Но они не только ездили верхом, проводили время не только за пределами усадьбы, хотя погода стояла прекрасная, небо было высокое и безоблачное, солнце сияло вовсю, и, куда бы оно ни проникало, везде скапливалась жара, маленькими интенсивными порциями вокруг какой-нибудь стенки на заднем дворе, и нестерпимый блеск стоял над землей, если посмотришь вдаль. От жары темнело в глазах, кружилась голова. В библиотеке возле столовой было более или менее прохладно, но там царило такое же плотное молчание, как и над полями. Здесь Зденко читал старые скандальные истории Брантома [Пьер де Бурдей де Брантом (1538-1614) - французский писатель, мемуарист], изданные октавом в восхитительном кожаном переплете XVIII века. Ему просто доставляло удовольствие держать в руках эту книжечку, не сознавая ее библиографической ценности. Имелась здесь и стотомная "Коллекция мемуаров". Все это отвечало его нынешнему положению, так же как и "Меттерних-клуба". Он, Зденко, стремительно и глубоко погружался в это положение. Без помех, не чувствуя себя обязанным расстаться с чем-то, что сюда не относилось и теперь уже не совсем относилось и к нему. Нет, он вписался сюда таким, как был, и сам чувствовал, что вписался как нельзя лучше.

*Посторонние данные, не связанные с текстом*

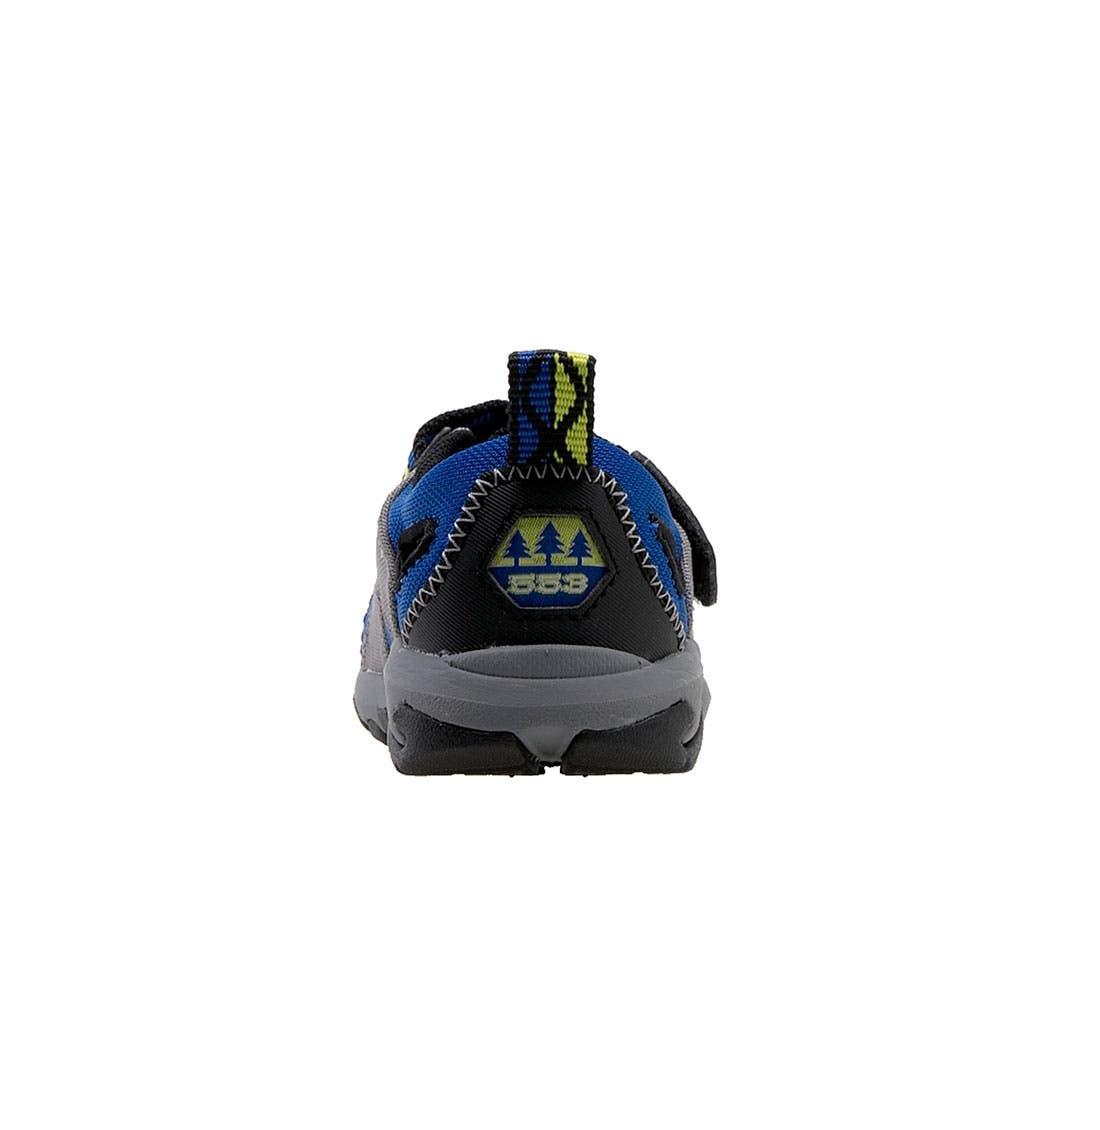 '553' Water Sandal,                             Alternate thumbnail 4, color,                             400

Ему лишь причиняло боль то, что "Меттерних-клуб", собственно, был уже в прошлом, а уж очень все здесь соответствовало "Меттерних-клубу"; однако с ним было покончено. Но то была боль не из-за утраты как таковой, просто она впервые сделала для него ощутимым движение времени, именно отсюда и возникала эта боль, которую он чувствовал, стоя здесь, в тиши, среди высоких, до самого потолка, книжных полок.

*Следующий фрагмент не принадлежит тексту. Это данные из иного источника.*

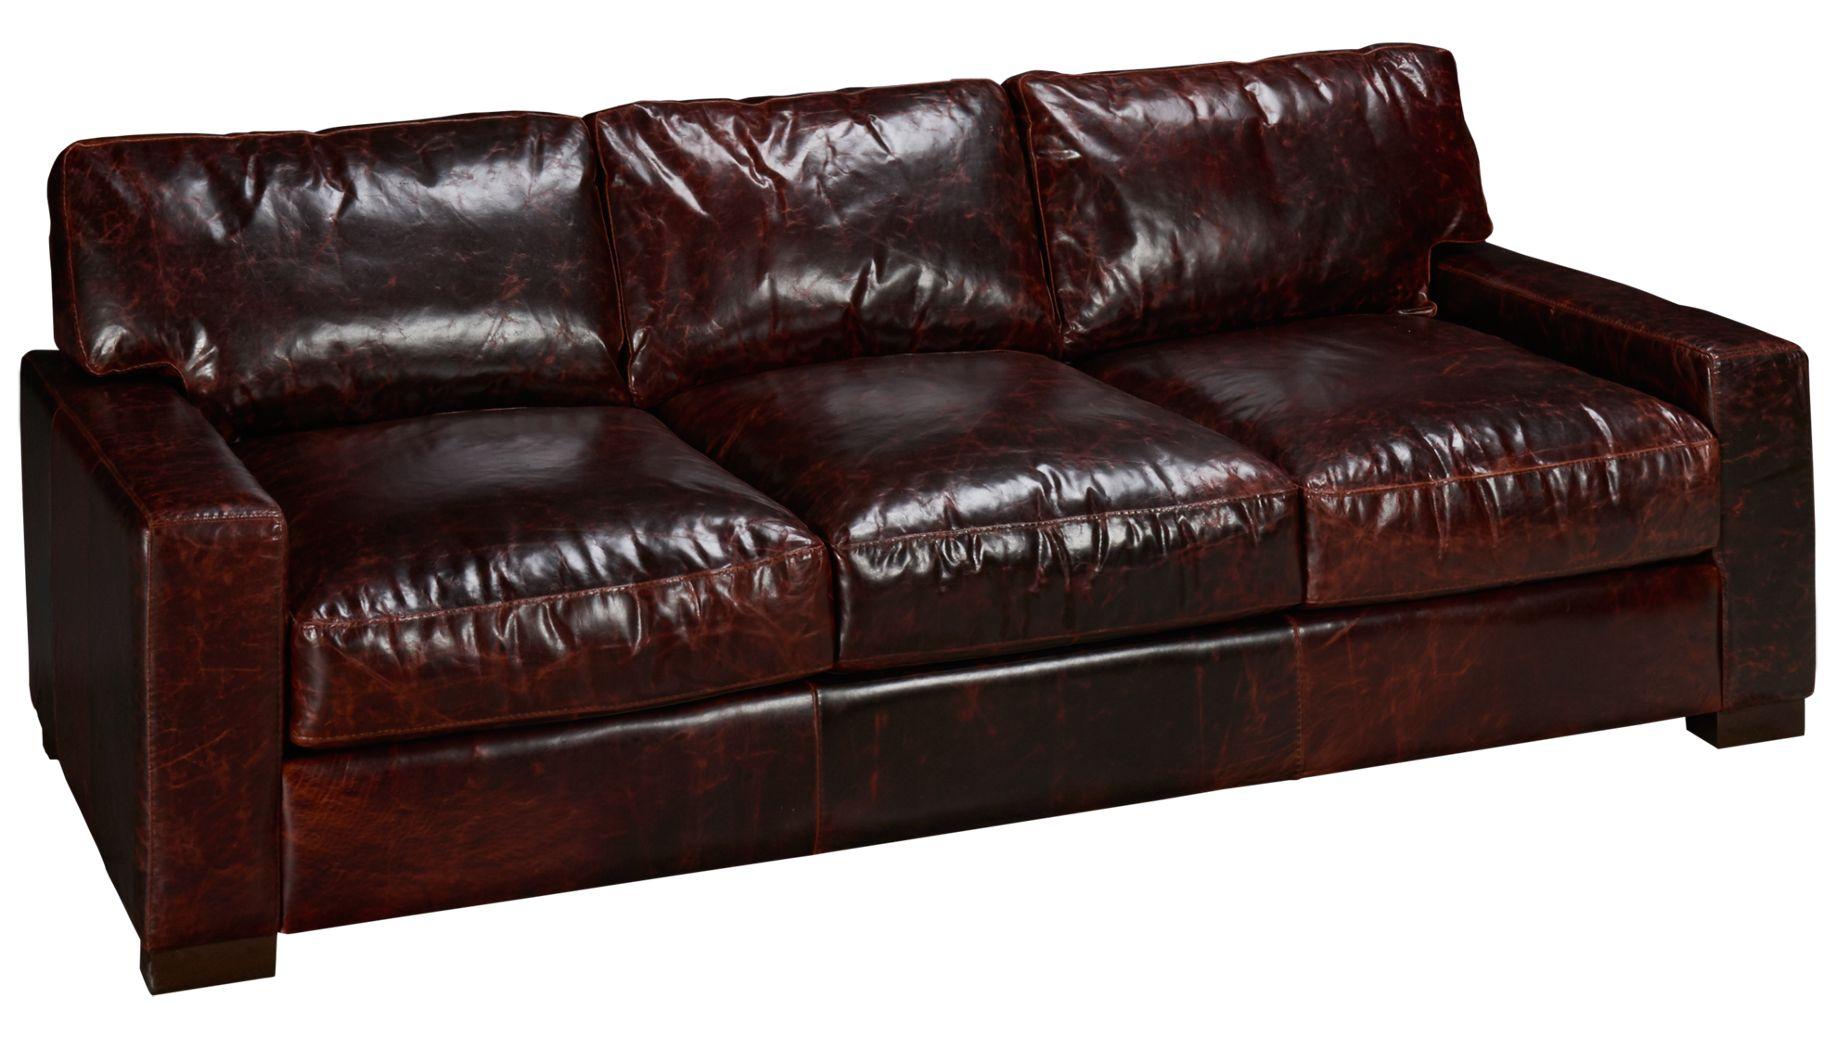 Brompton Leather Sofa Rs Gold Sofa

Ничего этого нельзя было заметить по юному господину фон Кламтачу, когда он с террасы садился в седло, а Иштван держал стремя. Выглядел наш юноша отлично: великолепного покроя бриджи, и сапоги тоже. Все дорогое, как говорится, из лучших магазинов. Итак, новая экипировка, специально для лета. И это тоже козырь в погоне за наследством, как и бридж в доме Кламтачей. Но тетка Ада не видела нашего красавчика во всем великолепии, она пила. Один-единственный раз она появилась за ужином.

Юноша, который сейчас садился на лошадь, весил около пятидесяти двух килограммов. Его белокурые волосы, нежное широкое лицо с давно нам знакомым строгим выражением показалось бесконечно привлекательным даже фройляйн Монике Бахлер в саду у Клейтонов. Основным чертам этого лица придала определенность госпожа Генриетта Фрелингер, а к этому еще добавлялось то, что отвечало требованиям "Меттерних-клуба". Читая Брантома, Зденко теперь частенько вспоминал госпожу Генриетту, собственно, только тут он впервые зримо представил себе ее, и эти картины не оставили его равнодушным, тут было над чем задуматься.

"Эта корова" (так мысленно называла ее Моника Бахлер) - не совсем ошибочное определение сущности ее красивой подруги. Если теперь вспомнить вернувшегося из Будапешта в Вену господина Радингера и сравнить его со Зденко, с "абсолютно надежным" (Моника Б.) Зденко, с его сдержанностью и присутствием духа, то станет ясно, на кого должен был бы пасть выбор. А уж госпожа Генриетта и вовсе не имела права выбирать. Но тогда она предоставила бы нам возможность рассматривать ее и Зденко как четвертый образец "любовных консервов". Действительно старая дура, Моника была права.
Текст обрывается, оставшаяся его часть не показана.